This picture taken on January 12, 2013 shows two men walking along a railway line in Beijing in dense smog.

Rapid development at the expense of China's natural environment has become a major cause for discontent in the world's second largest economy, but now the government is finally bowing to public outcry, says a leading environmentalist.

Ma Jun, who is the director of Beijing-based non-profit organization Institute of Public & Environmental Affairs, told CNBC that it's become very difficult for the government to either cover up or use "too much" force to stop mass protests over China's deteriorating environment.

"At the end of the day the government, local government all bow to public pressure," Ma said. "Over the past 10 years, we have seen the Chinese government gradually changing its development strategy. The government realized, I hope, the environment matters."

Public anger over bad air and water quality in China has been rising in recent years, resulting in mass demonstrations. In January, for example, Beijing's poor air quality was labeled unhealthy by World Health Organization standards and was the topic of discussions at several online forums.

(Read more: Pollution 'worst on record' in Beijing)

More Transparency Needed

Responding to public outrage, the government has recently introduced a series of measures — including making public the level of air pollution in Beijing, and also plans to impose emission restrictions on the steel, coal and petrochemicals industries, among others.

Ma, who has created a database of polluting factories in China, shaming them to clean up their act, says more transparency is needed to appease the public as awareness spreads.
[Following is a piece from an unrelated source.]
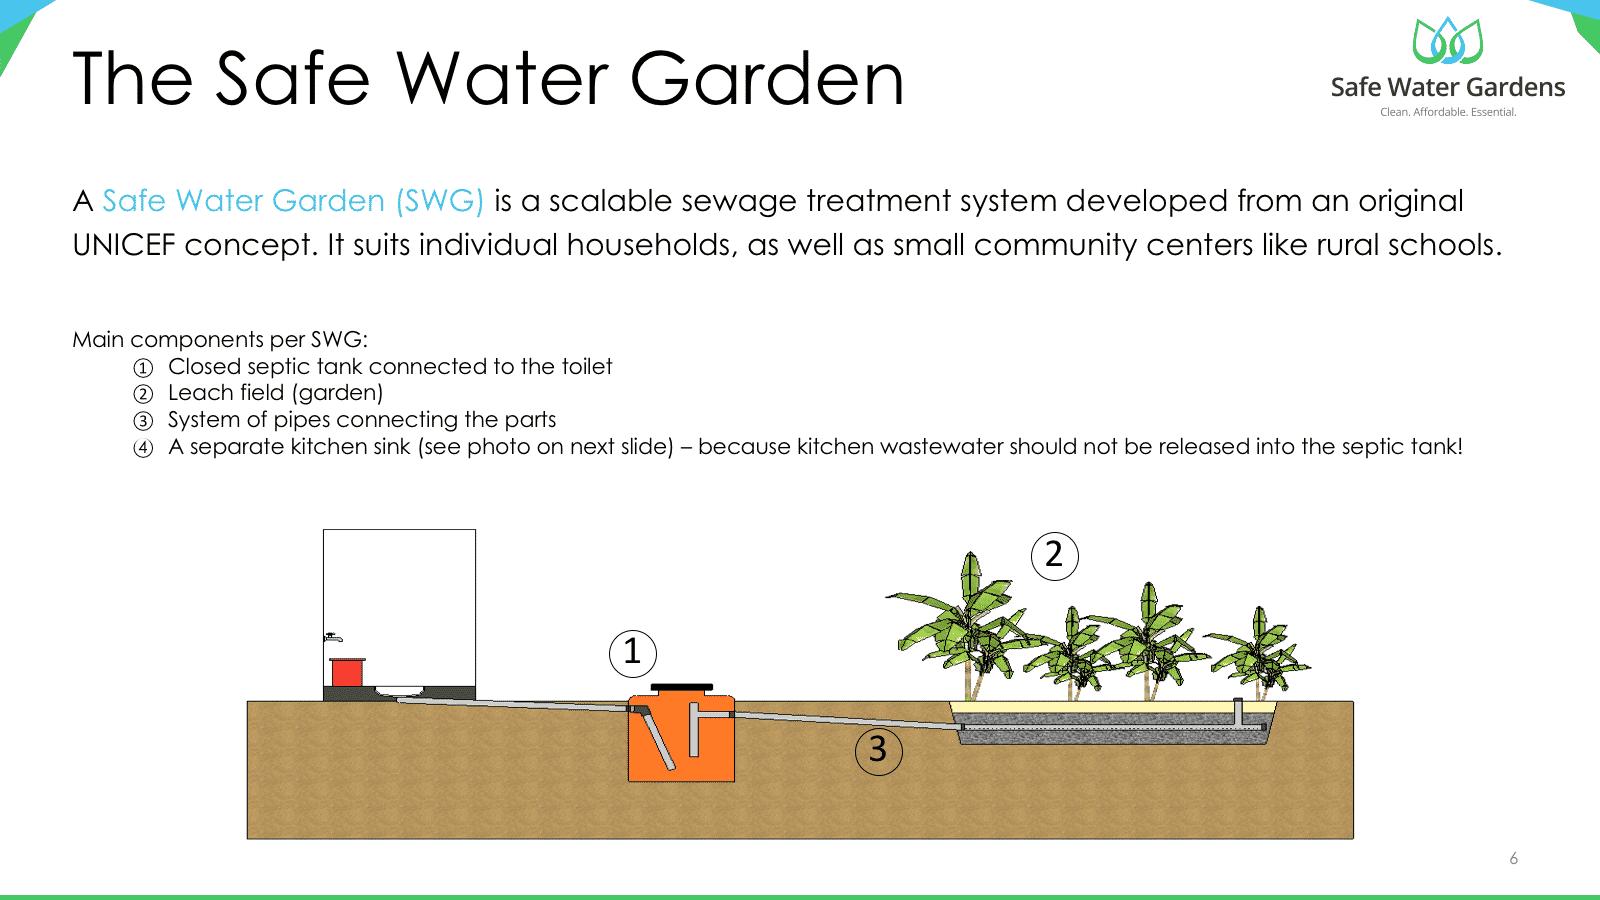 The Safe Water Garden concept
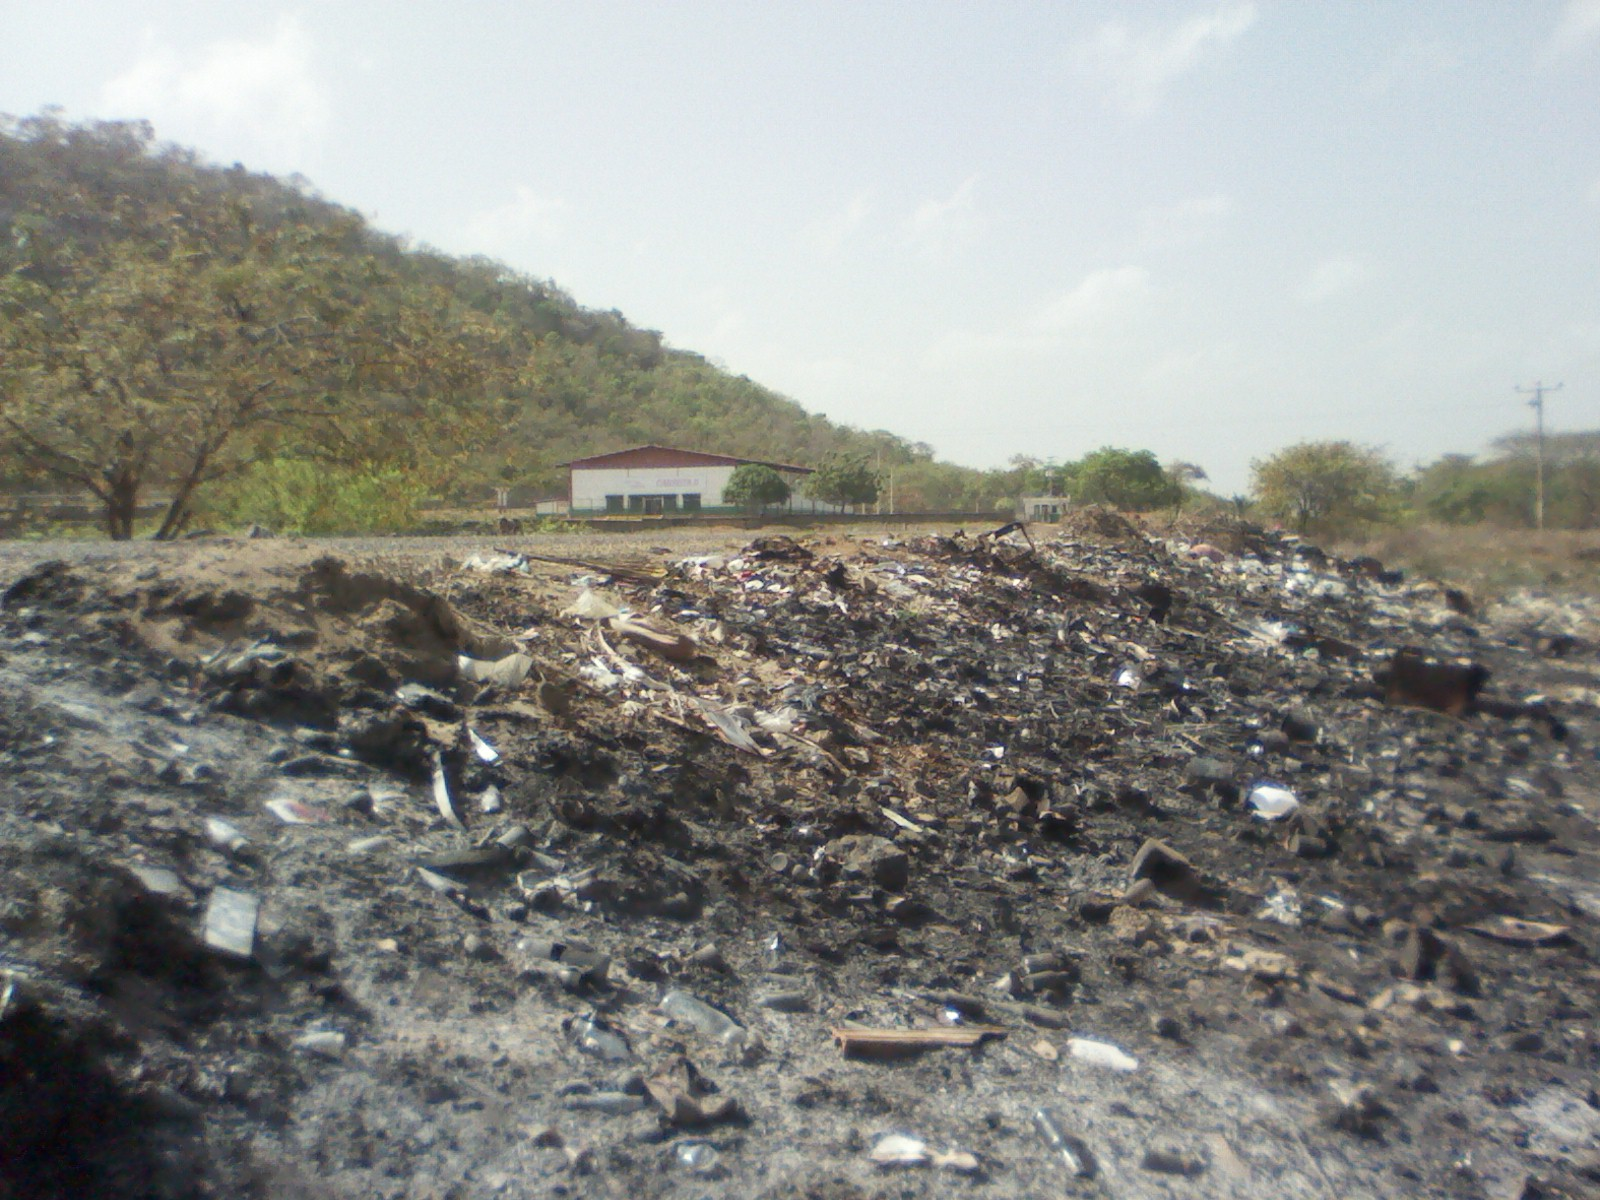 La entrada hacia Cabruta lleva muchos años siendo un vertedero de basura y a pesar de que bajaron los recursos para ser mudado a otro lugar.

(Read more: Anger at dead pigs in Shanghai River)

"The environmental problems are getting so serious here. Now people have realized that it's about the air they breathe, the water they drink and the food they eat, so many of them are really concerned," Ma said. "I hope they [the government] understand that this is about the environment and expansion of transparency will eventually help to solve the problem."

The difference now is that people are voicing their discontent on social media, giving it a mass audience and shifting the power balance, which makes it difficult for the government to ignore, Ma added.

(Read more: This could spark China's Arab Spring)

Local government officials have approached his organization, because they worry whether their next development project will be the target of public protests, Ma said.

"I think it's all about how this new leadership will confront and tackle this new challenge," he added. "We still have gaps in our environmental governance ... It can't be resolved overnight."